*** Opening Data block ***

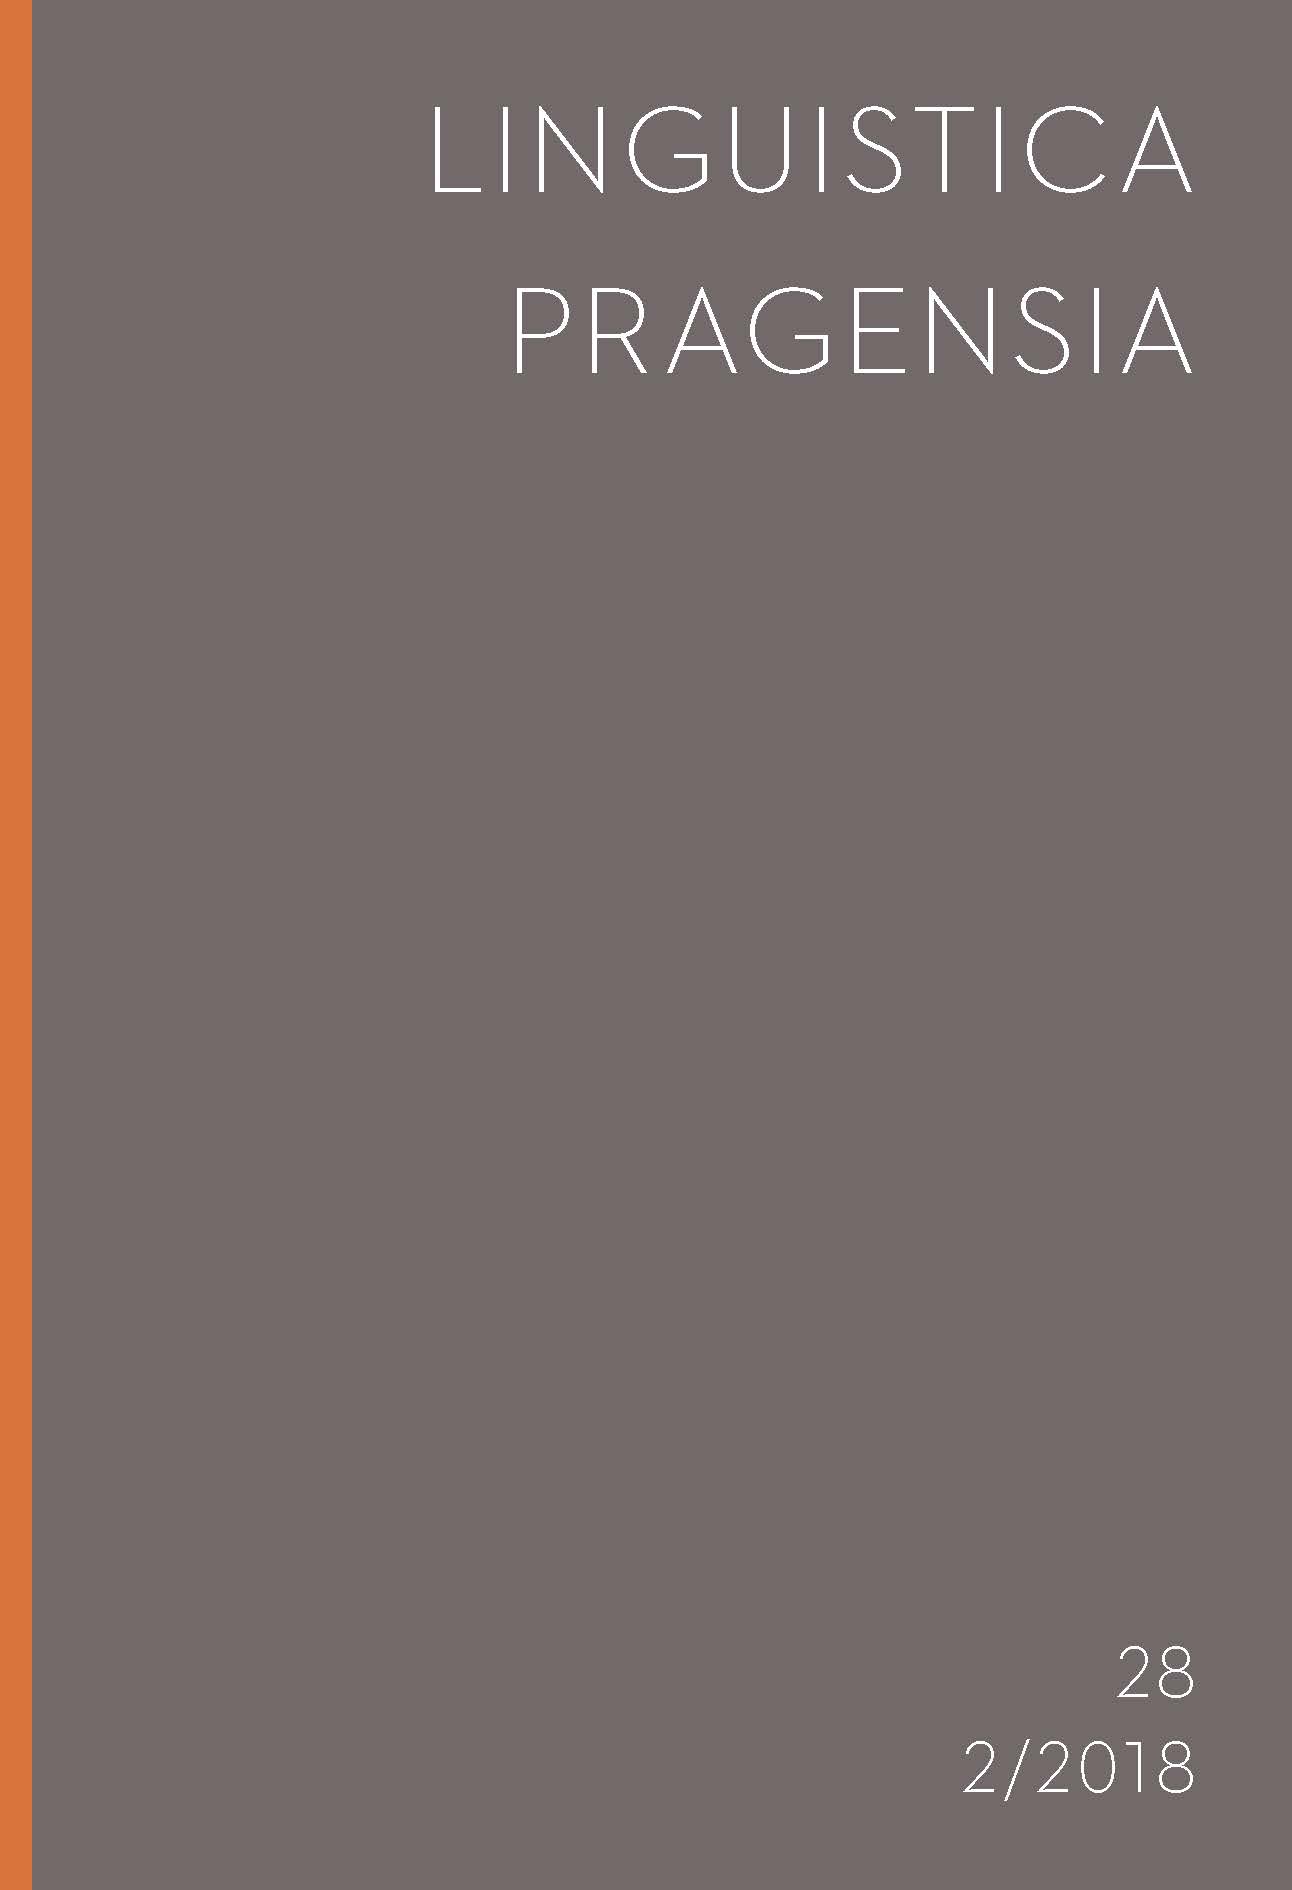 Linguistica Pragensia Cover Image
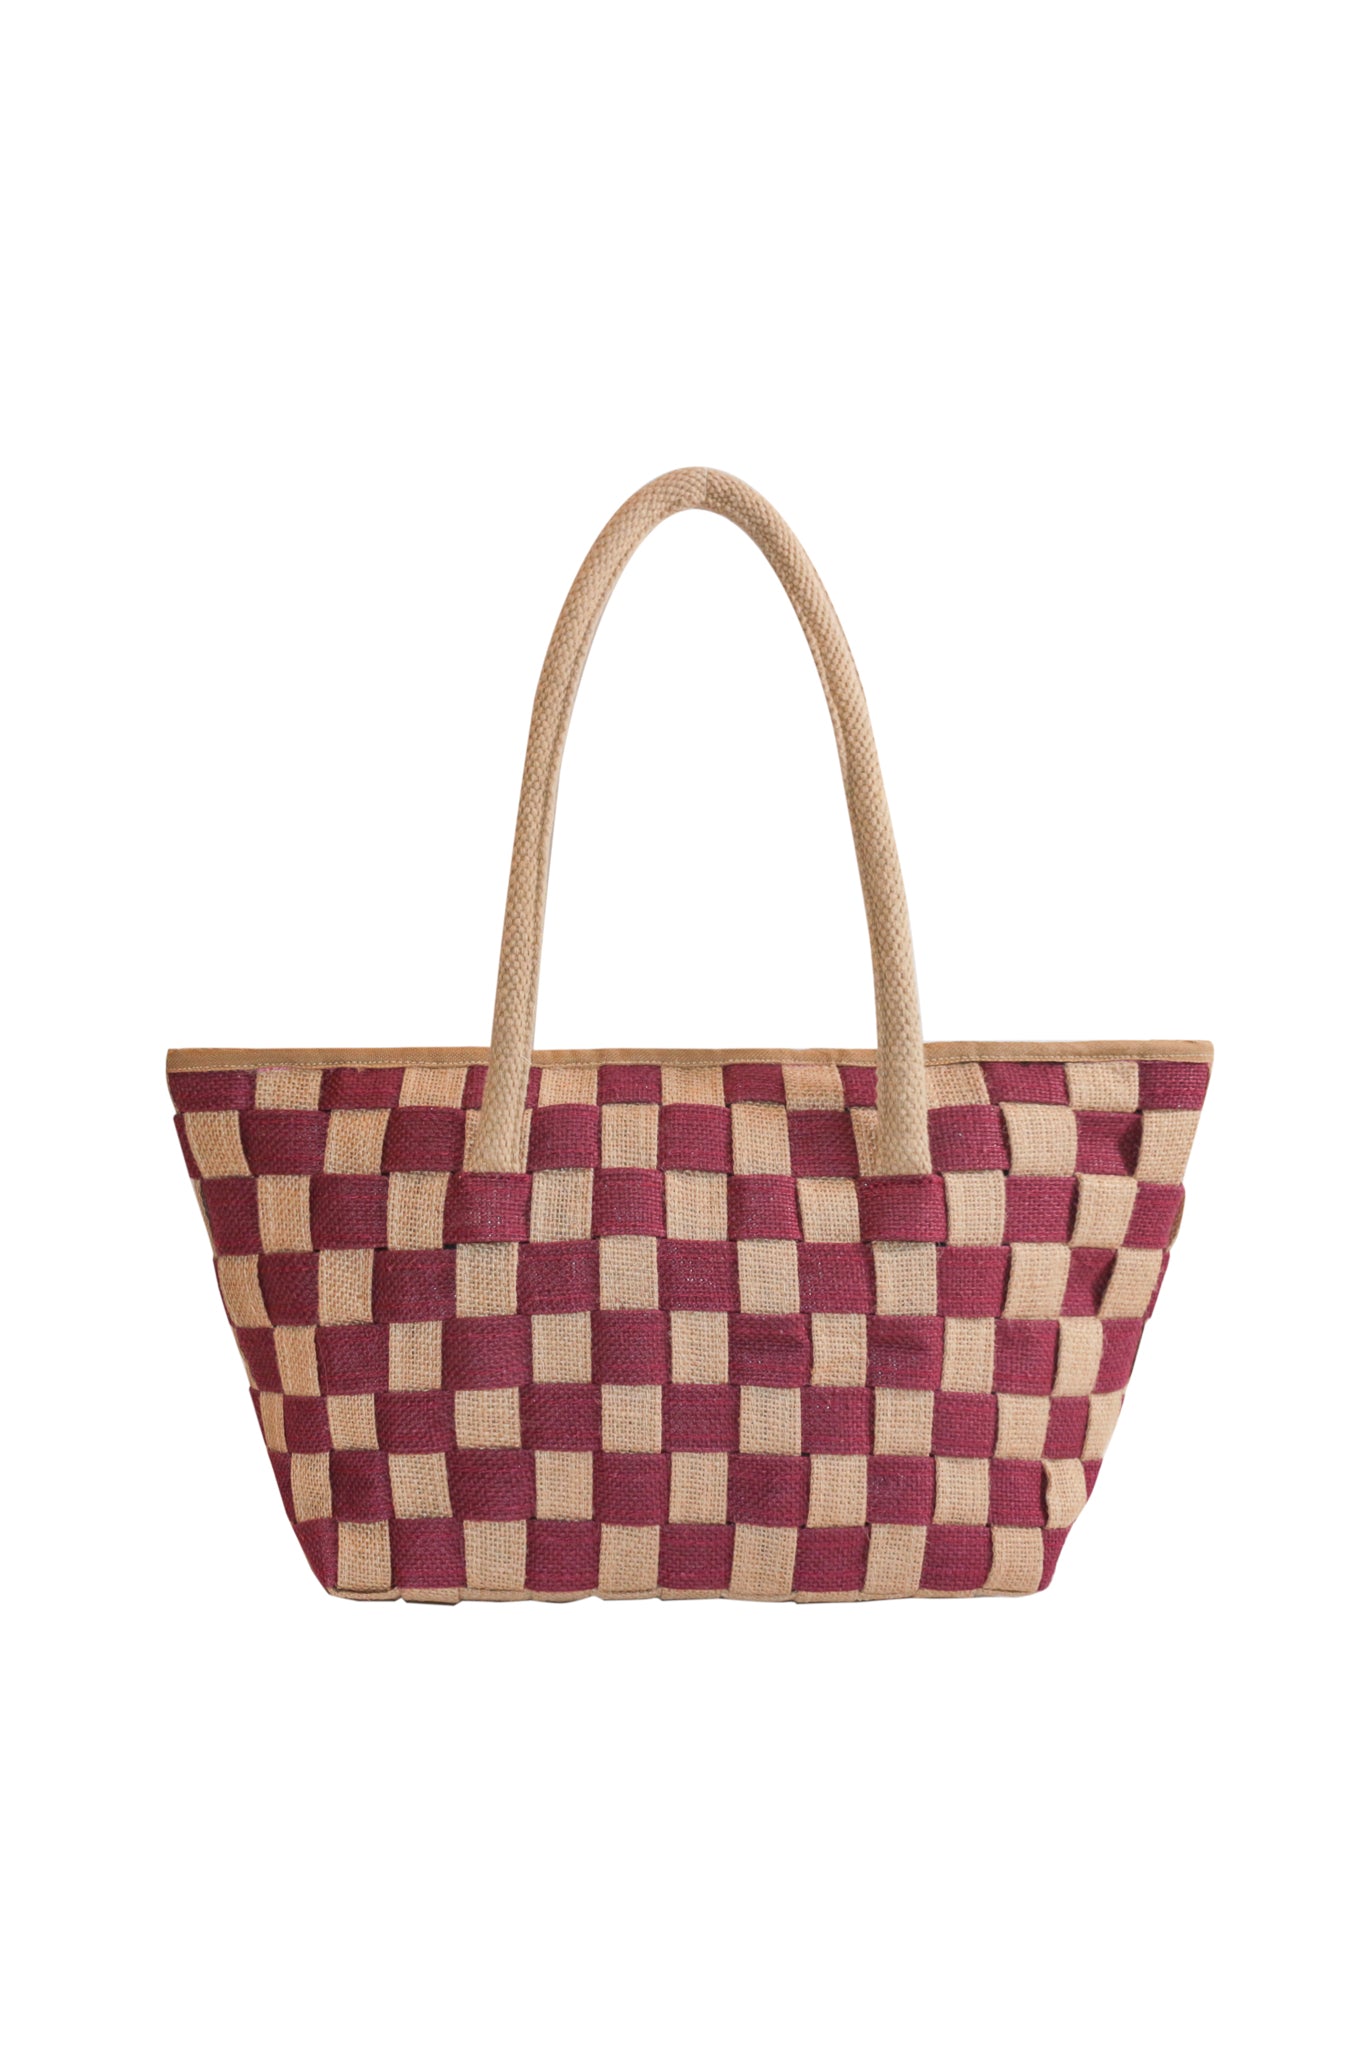 Classic Checkered Handwoven Vegan Jute Handbag in Burgundy
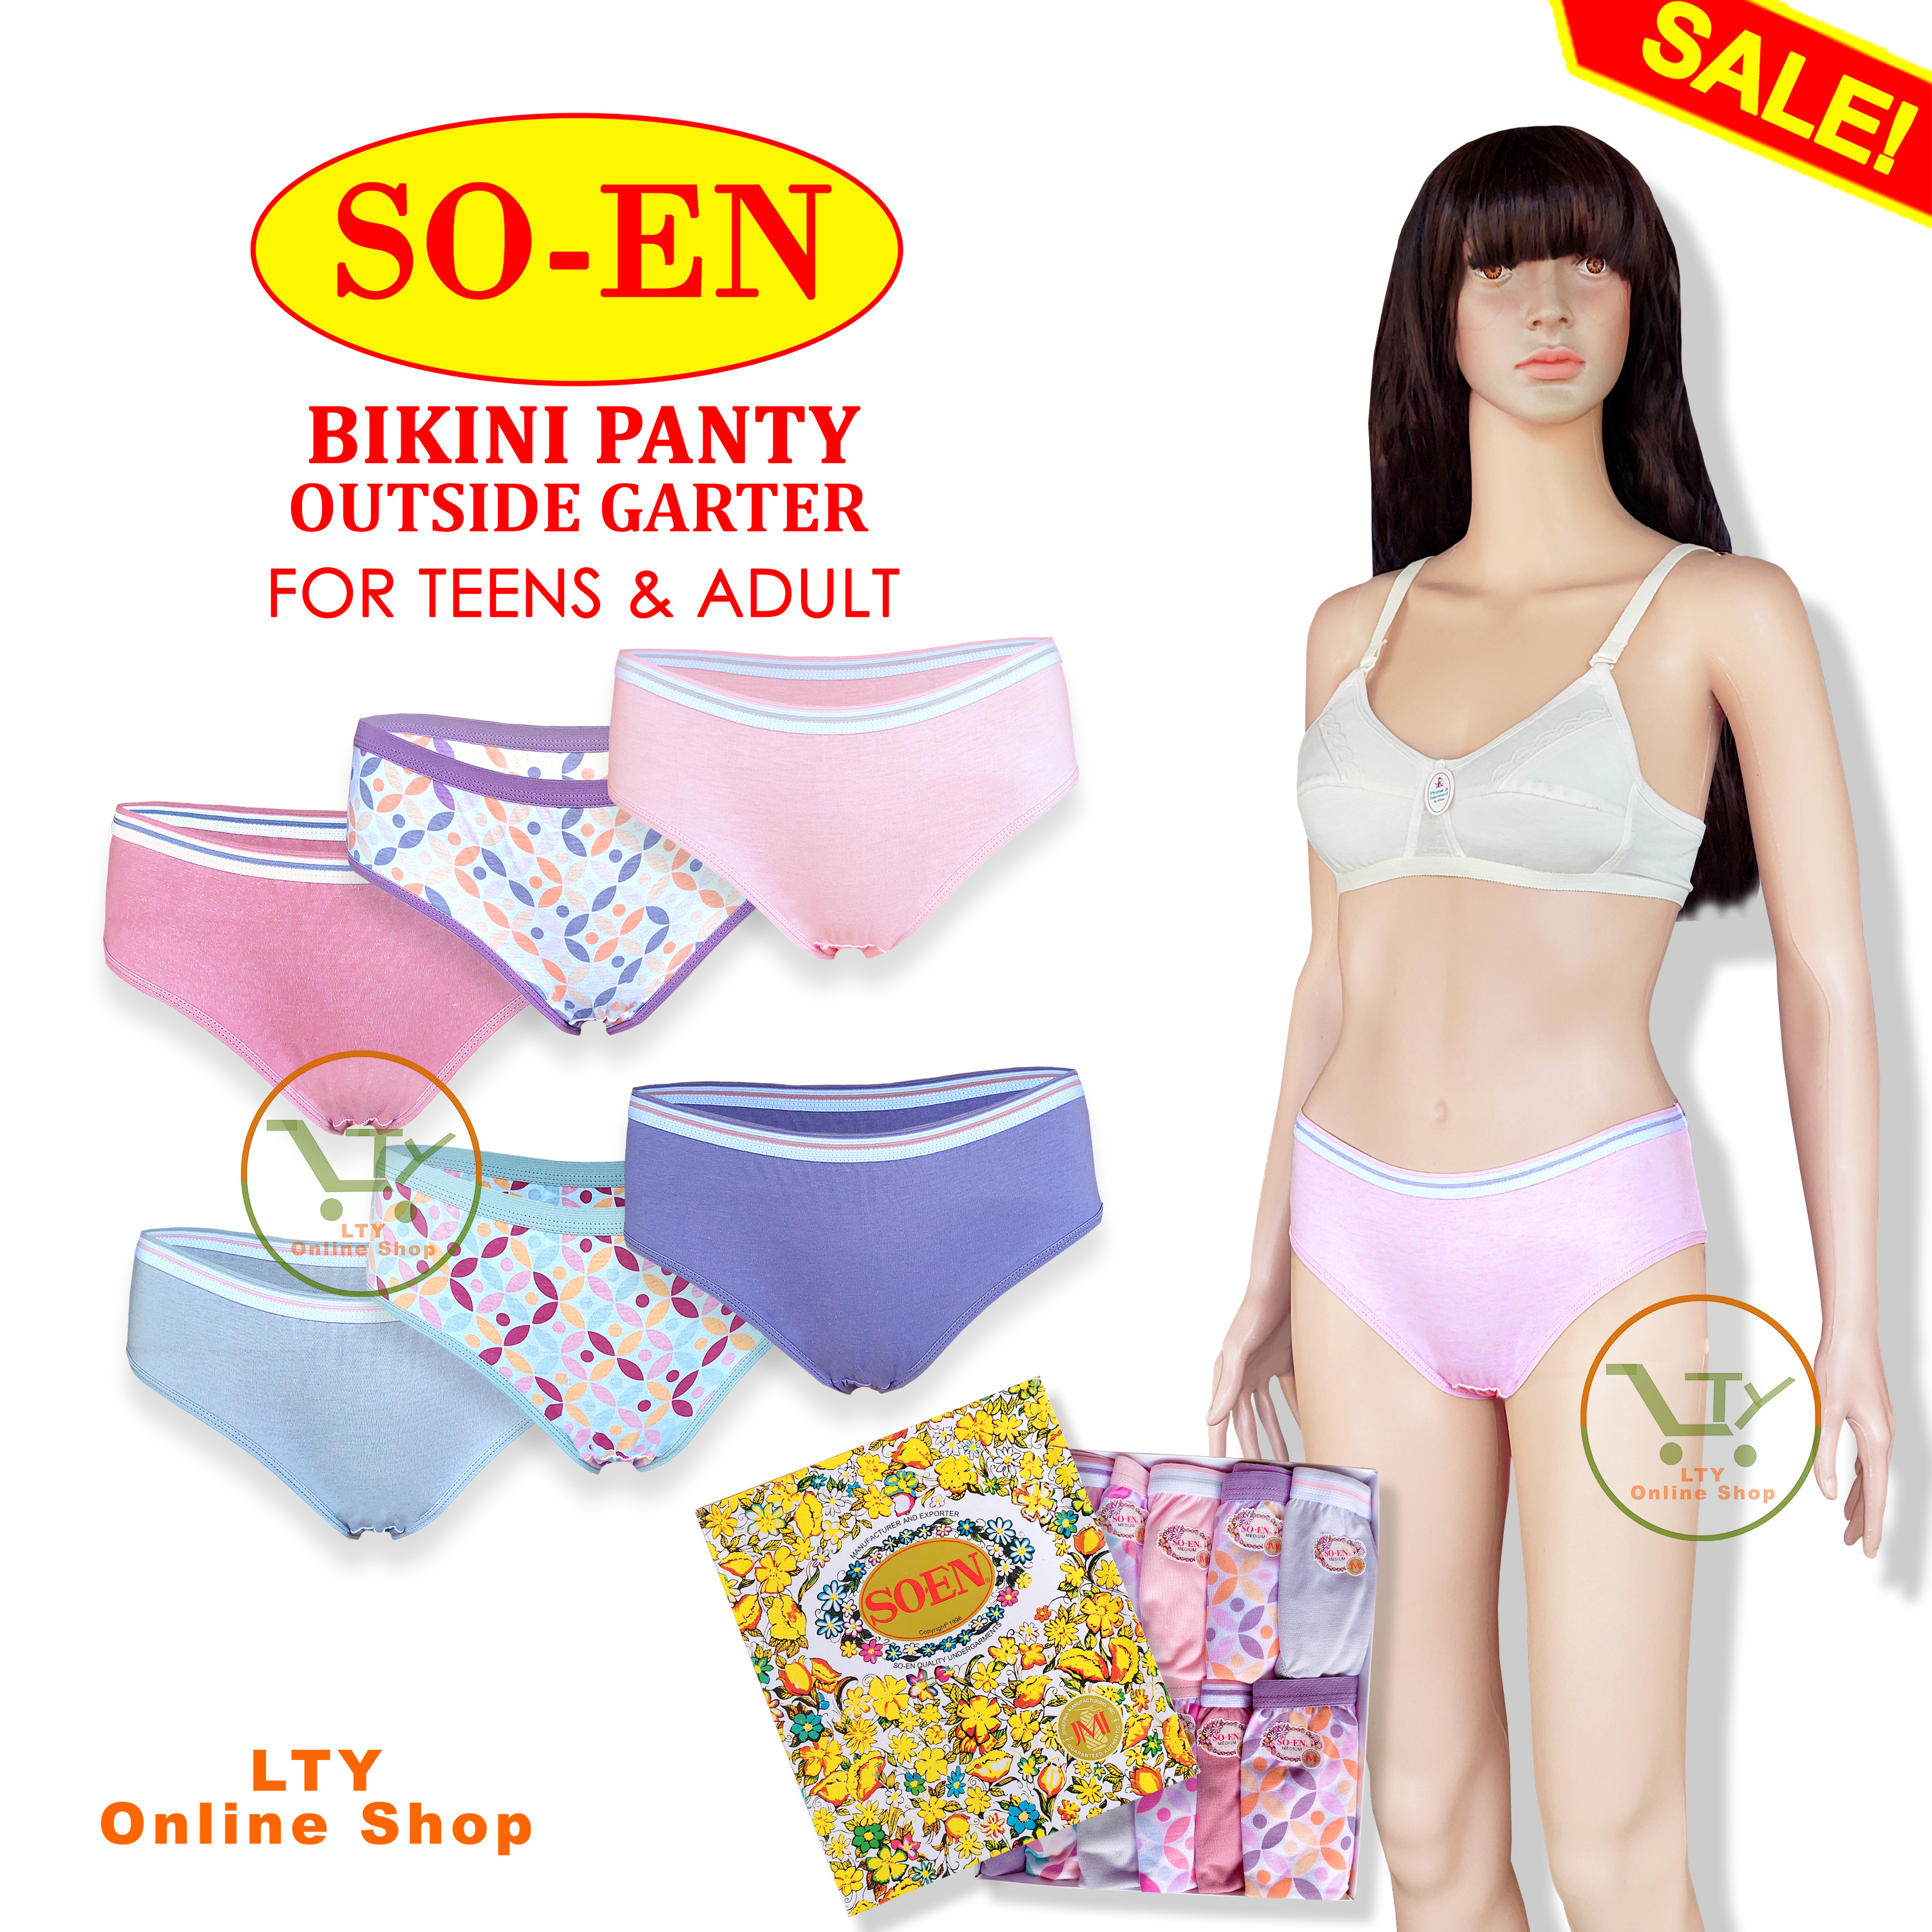 Buy Soen Panty 12 online

*** Closing Data block ***

● **Instructions to follow**
Only the text of the listing above should be copied, exactly and with pictures left out.

● **Answer space**
 Linguistica Pragensia Cover Image
 Classic Checkered Handwoven Vegan Jute Handbag in Burgundy
 Buy Soen Panty 12 online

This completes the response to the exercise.